Well, TPLINK input would be nice here, to know what the AP expect.

When controller scan an other channels, it can not listen the ‘operational’ channel, so we can not reply to RTS. What would be possible is reducing the listening interval on each channel to get back faster on operating channel, and avoid non-recoverable throughput degradation. Or prevent scanning while link is busy.

We can certainly do that, but I don’t think it will help in our case. I would be interested by the sniff of oneplus scanning.

Maybe you can try this patch meanwhile: loic.poulain/linux.git - [no description]

If its a question of “just make it work”, have you checked if there is openwrt for that tplink? Most tplink’s I’ve seen are supported by openwrt.

Alternatively, you may be able to install the buggy firmware into openwrt and debug from that side.

After applying this patch, we see the T-put issue not reproduce fast, But once the T-put gets down never get it recovered. See error, after applying the patch.

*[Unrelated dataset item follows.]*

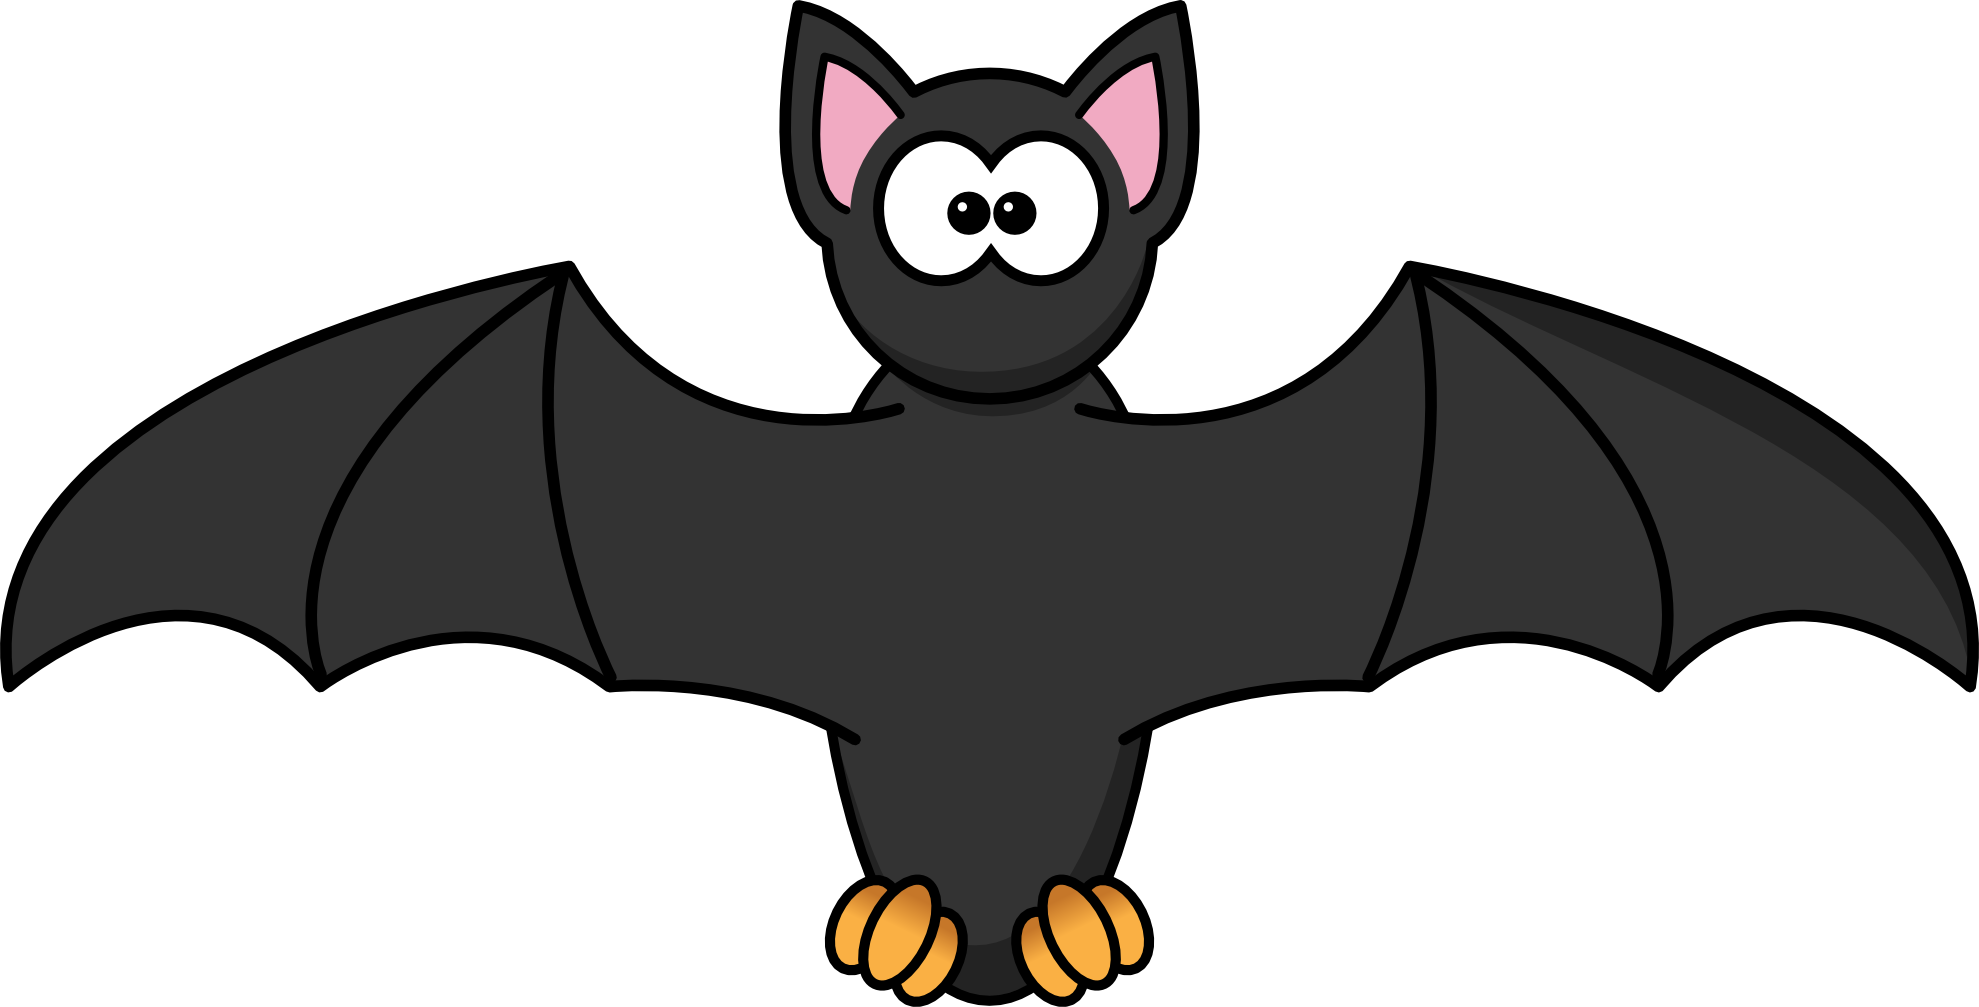 Cartoon Bat Images - Cliparts.co

root@linaro-developer:~# [ 77.994720] wcn36xx: ERROR hal_init_scan response failed err=29
[ 78.048663] wcn36xx: ERROR hal_init_scan response failed err=29

I treid to upgrade the openwrt firmware on AP. Not getting updated. Follow the steps.
https://git.openwrt.org/?p=openwrt/openwrt.git;a=commit;h=bf39d5594b3c8f9409e6d9408a1f370c9f18d0dd

I’m using an archer c7 both here at the office, as well as at home. Easy stuff, just go into the firmware update in their web UI and select the “factory” file. It should do the rest. You might need to rename the file however. If I recall correctly, it might be too long or have characters that make it choke. It does work though.

According to the actual instructions page, looks like the v5 may need to have the factory firmware updated to a newer version before it works:

https://openwrt.org/toh/tp-link/archer-c7-1750